En Occident, on a vite fait d'amalgamer Turcs, Arabes, Iraniens et tout autre peuple moyen-oriental dans un ensemble nébuleux appelé "musulman". On ne lit plus les cultures, les histoires des peuples ou leur situation actuelle que sous le prisme de la religion. Ainsi, on ne connaît rien et on mélange tout : la religion, l'histoire, les peuples, les cultures, les régions, les intérêts économiques, les guerres, les résistances, le terrorisme et on en fait une soupe. De plus, si l'on ajoute que les mouvements et partis de droite (pas besoin de parler d'extrême!) font de cette soupe un bouillon de culture pathogène pour nourrir la xénophobie fleurissante en période de crise et pour mobiliser l'opinion contre l'immigration et les immigrés en Europe, on se retrouve vite devant la plus nuisible des ignorances ! 
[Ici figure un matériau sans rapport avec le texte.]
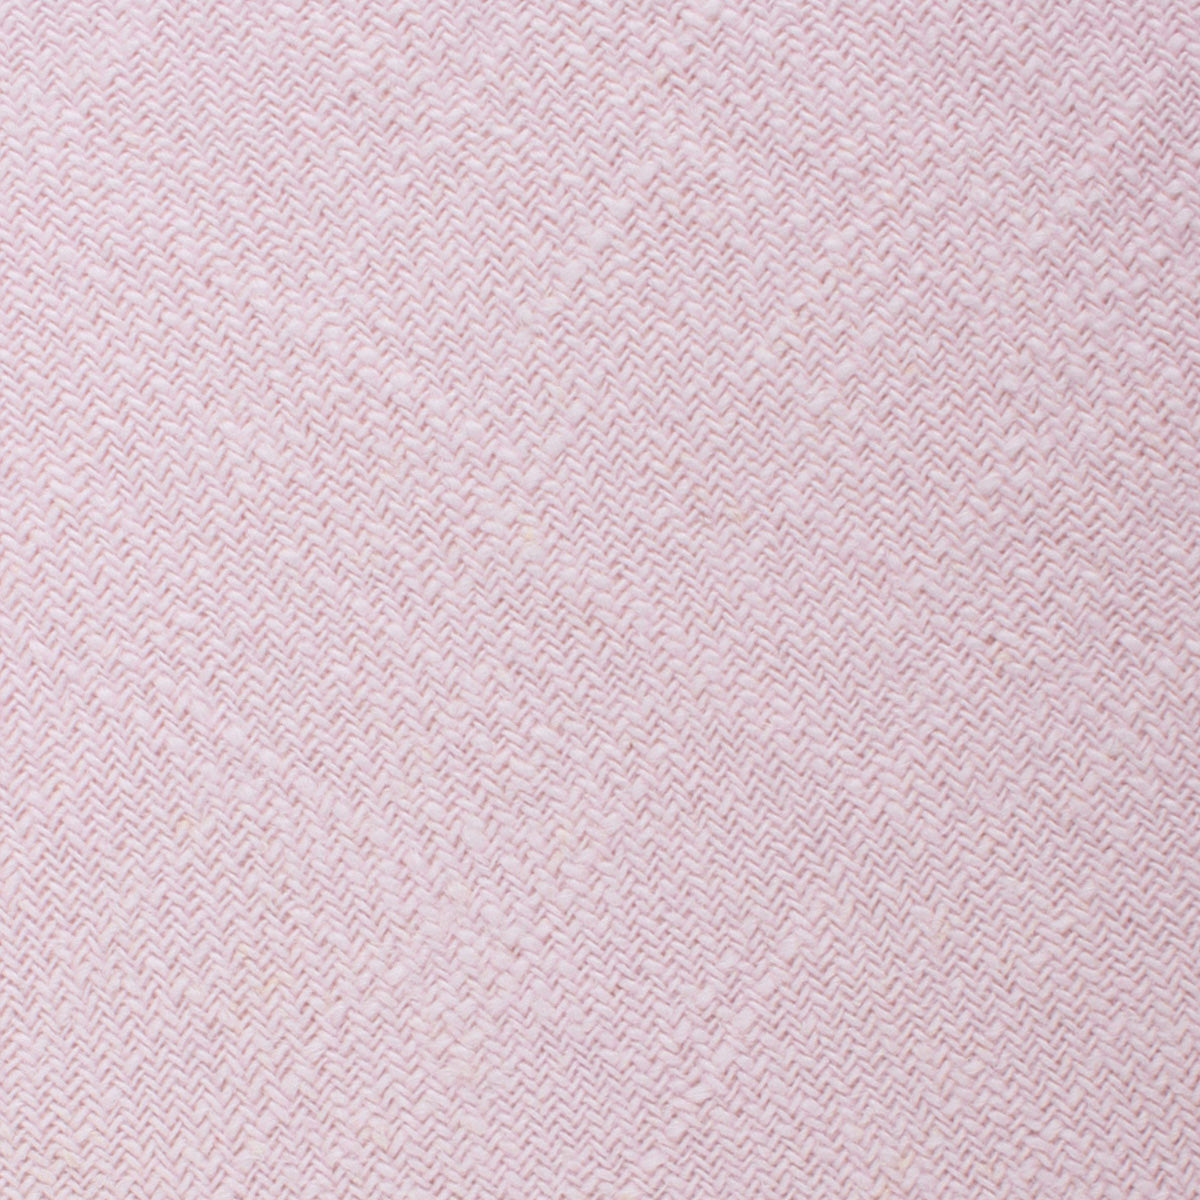 Maldivian Blush Pink Linen Bow Tie Fabric

On nous parle toujours d'Islam, mais qu'explique-t-il au fait ? Et bien pas grand chose. N'en déplaise à Samuel Huntington inventeur de la tout aussi stupide que nuisante théorie du choc des civilisations ! Comme le dit Amin Maalouf par exemple, vous pouvez lire le Coran et tous les textes relatifs à l'Islam, vous ne comprendrez toujours pas la violence et les attentats commis en Algérie durant les années 90. Lisez 30 pages sur la décolonisation et vous y verrez déjà plus clair ! Cet exemple est tout aussi adéquat pour comprendre le Moyen-Orient d'aujourd'hui. Au Moyen-Orient comme ailleurs, c'est moins la religion qui explique les évolutions politiques et sociales, économiques et culturelles, mais bien les contraintes économiques, politiques et culturelles qui peuvent expliquer la montée en puissance de mouvements religieux conservateurs. D'ailleurs, ces mouvements religieux extrémistes n'étaient-ils pas encouragés par les Occidentaux durant la guerre froide, tandis que les Etats arabes républicains, dont l'élite se modernisait et se laïcisait, se tournaient vers l'URSS pour s'affranchir de l'Europe et des Etats-Unis ? Et aujourd'hui, n'est-ce pas les pétrodollars qui islamisent le Moyen-Orient ?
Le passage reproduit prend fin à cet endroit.